Proof of Hume's Principle from Basic Law V — Grundgesetze-Style

[Note: We use εF to denote the extension of the concept F.]

Let P,Q be arbitrarily chosen concepts. We want to show:

#P = #Q ≡ P ≈ Q

(→) Assume #P = #Q (to show: P ≈ Q). Note that since P ≈ P (this is Fact 2 in the subsection on Equinumerosity), we know by the previous Lemma that εP ∈ #P. But then, by identity substitution, εP ∈ #Q. So, by our previous Lemma, P ≈ Q.

(←) Assume P ≈ Q (to show: #P = #Q). By definition of #, we have to show εP^≈ = εQ^≈. So, by Basic Law V, we have to show ∀x(P^≈x ≡ Q^≈x). We pick an arbitrary object b (to show: P^≈b ≡ Q^≈b).

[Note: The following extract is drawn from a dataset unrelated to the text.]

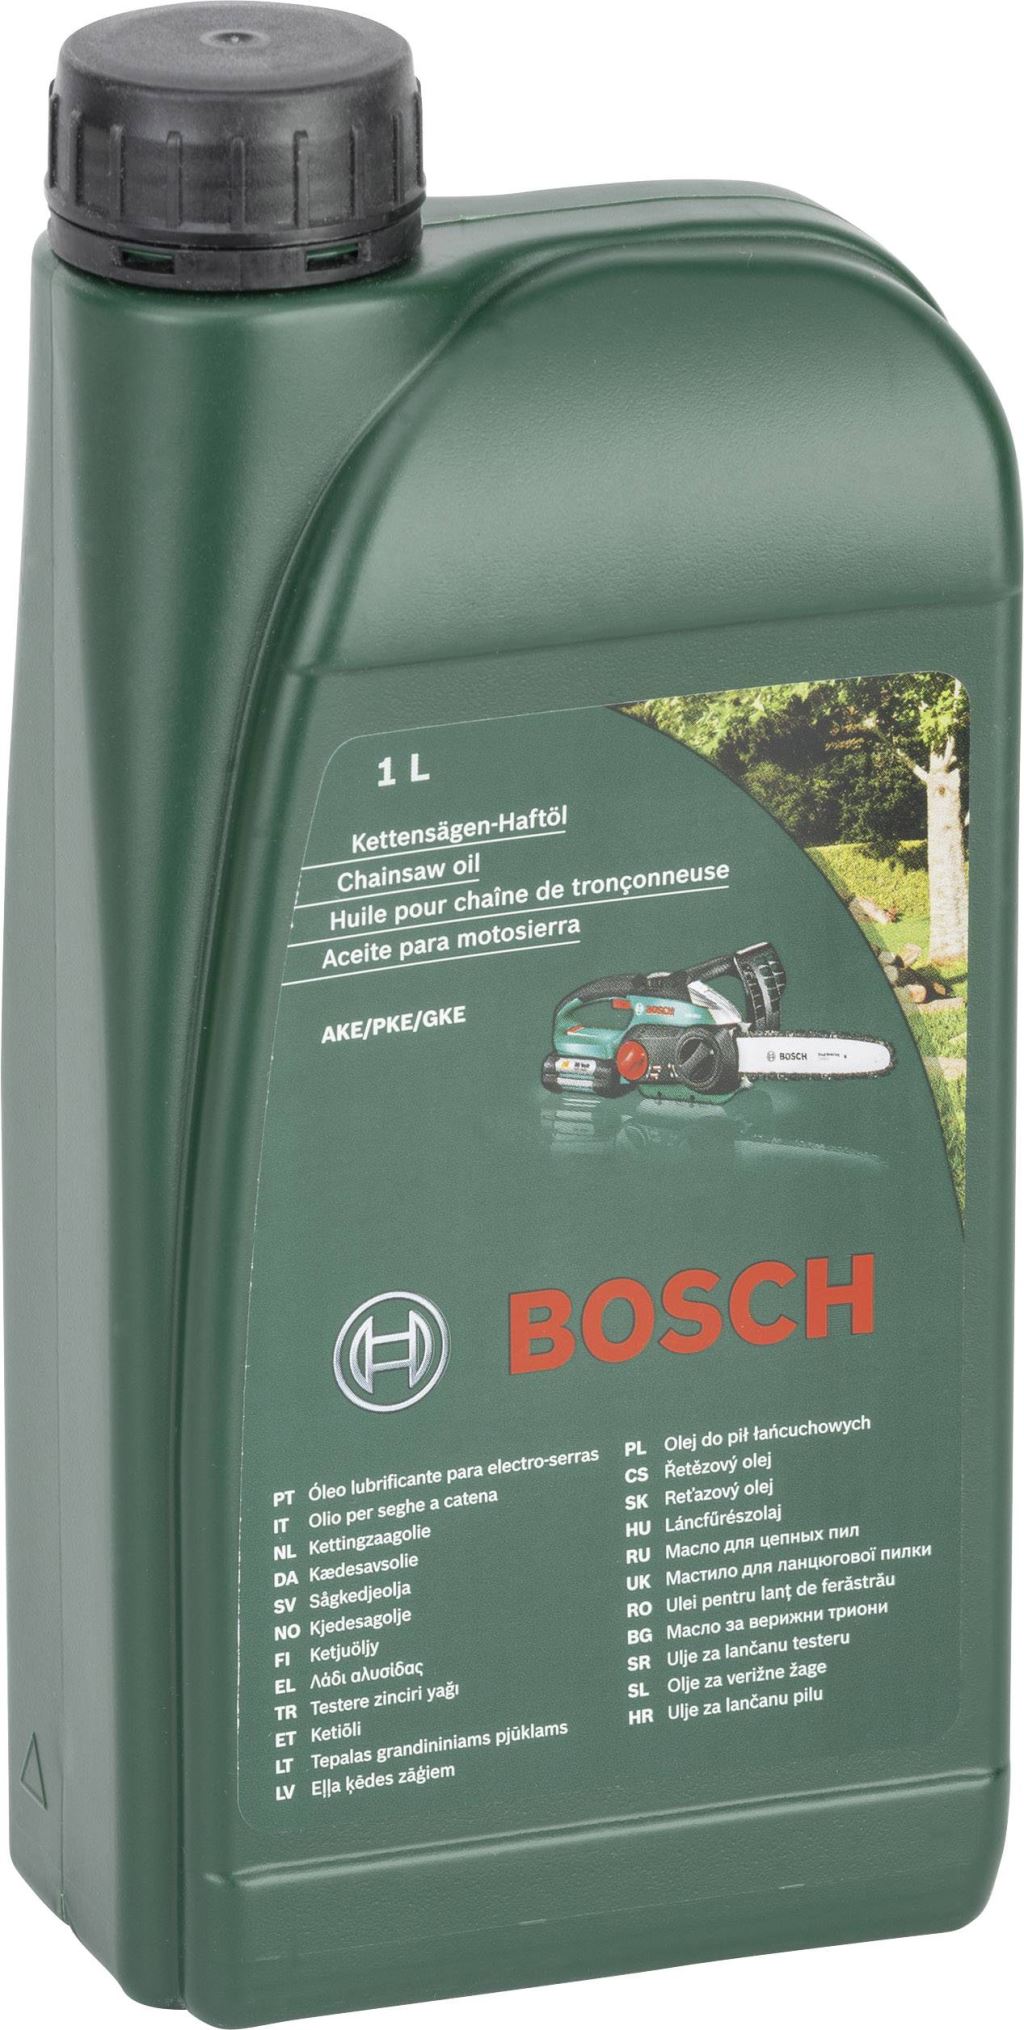 Bosch 2607000181 láncfűrész olaj 1L

(→) Assume P^≈b. Then, by definition of P^≈ and λ-Conversion, ∃H(b = εH & H ≈ P). Let R be an arbitrary such concept; so b = εR & R ≈ P. From the second conjunct and our initial hypothesis, it follows (by the transitivity of equinumerosity) that R ≈ Q. So, reassembling what we know, it follows that b = εR & R ≈ Q. By existential generalization, it follows that ∃H(b = εH & H ≈ Q). So by λ-Conversion,

[λx ∃H(x = εH & H ≈ Q)]b

It follows from this, by definition, that Q^≈b.

(←) (Exercise)